Justiça nega prisão domiciliar a Rhiad Abdulahad, acusado de jogo do bicho

A Justiça negou o pedido de prisão domiciliar do advogado Rhiad Abdulahad, que foi preso durante a 4ª fase da Operação Successione. A decisão foi publicada no Diário da Justiça em 27 de novembro de 2025, após a prisão preventiva de Rhiad ter sido decretada em 25 de novembro de 2025.

Rhiad é acusado de envolvimento com o jogo do bicho e lavagem de dinheiro, e sua defesa argumentou que ele precisa estar presente para cuidar de seu filho de 2 anos, que possui síndrome de down. No entanto, o pedido foi negado pela Justiça, que considerou as evidências apresentadas pelo Grupo de Atuação Especial de Repressão ao Crime Organizado (Gaeco).

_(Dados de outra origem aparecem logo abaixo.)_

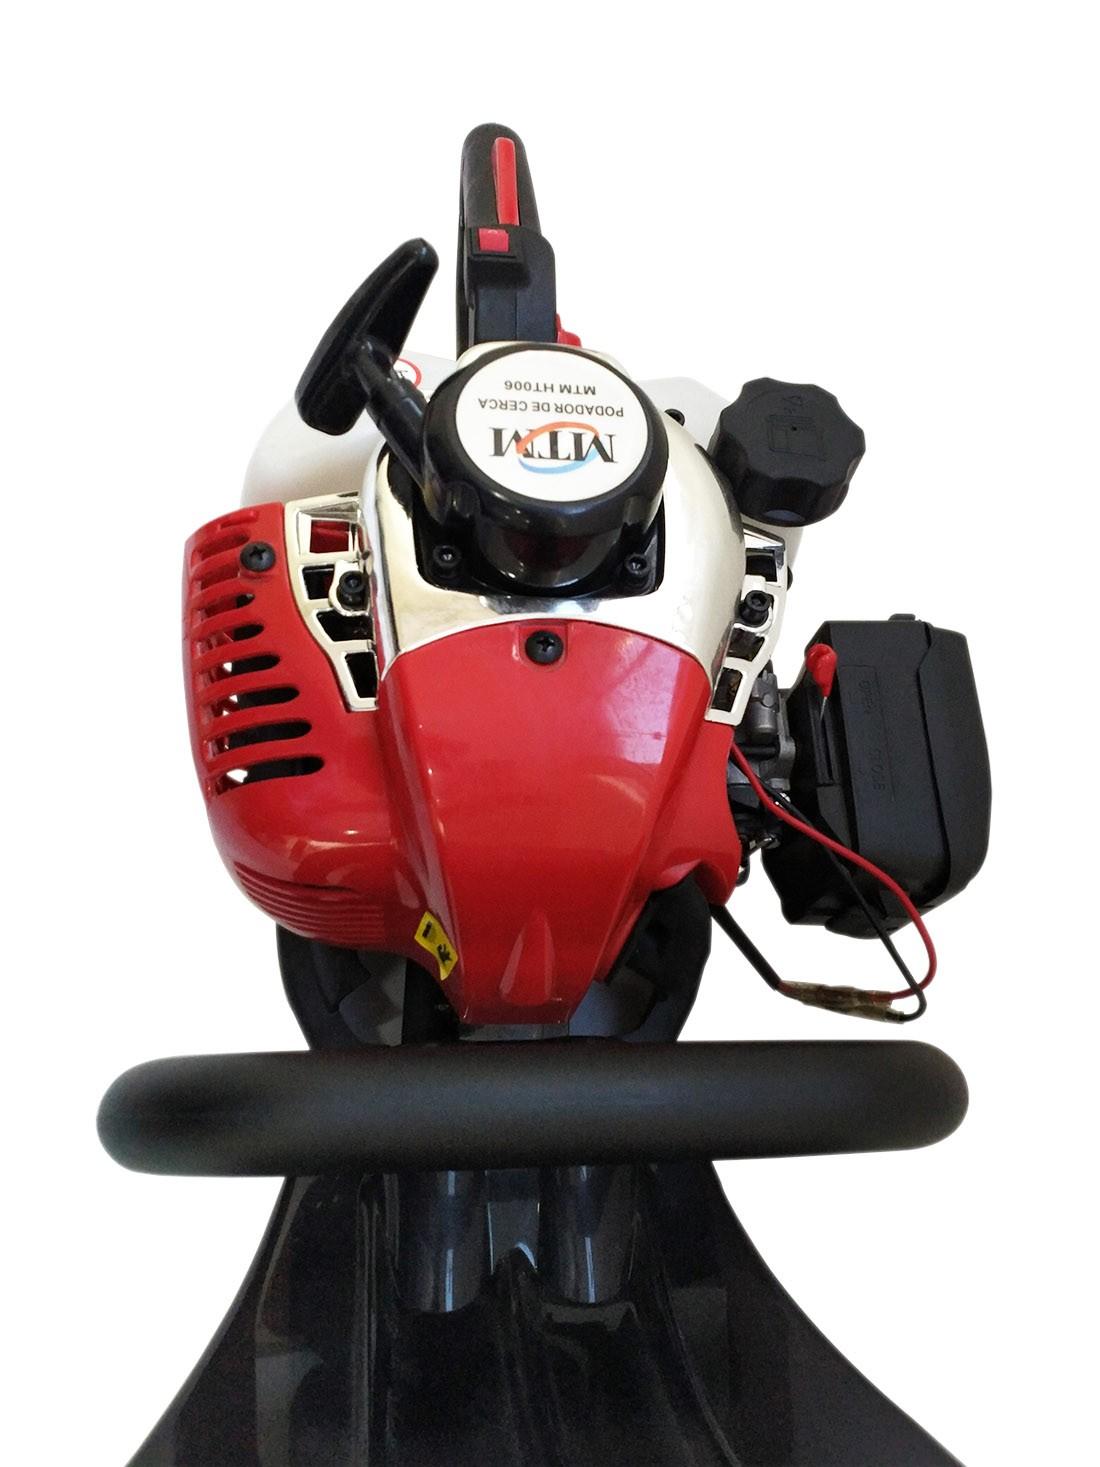 Cortador Podador (Cerca Viva) a Gasolina 2T - 0,8KW - 22,5CC - 2600RPM

Operação Successione e Acusações

A Operação Successione teve início em 2023 e, na sua 4ª fase, foram cumpridos 20 mandados de prisão e 27 de busca e apreensão em várias cidades, incluindo Campo Grande, Dourados, Corumbá, Maracaju e Ponta Porã, além de outros estados como Paraná, Goiás e Rio Grande do Sul.

O grupo criminoso, liderado pelo ex-deputado Roberto Razuk Filho, é investigado por diversos crimes, incluindo corrupção e tentativas de monopolização da exploração ilegal de jogos de azar. Segundo o Gaeco, após a primeira fase da operação, Rhiad Abdulahad teria assumido um papel de liderança na organização criminosa.

Desdobramentos e Defesa

Após a denúncia recebida pelo Juízo da 4ª Vara Criminal em 19 de dezembro de 2025, Rhiad se tornou réu. Desde então, sua defesa já apresentou pelo menos três pedidos de revogação da prisão preventiva, todos indeferidos pela Justiça. Os argumentos da defesa baseiam-se em laudos médicos que indicam que a presença do pai é essencial para o desenvolvimento da criança, além de solicitar a substituição da prisão preventiva por prisão domiciliar.

Opinião

A negativa da Justiça em conceder a prisão domiciliar a Rhiad Abdulahad reflete a seriedade das acusações e a complexidade do caso, que envolve não apenas questões legais, mas também familiares.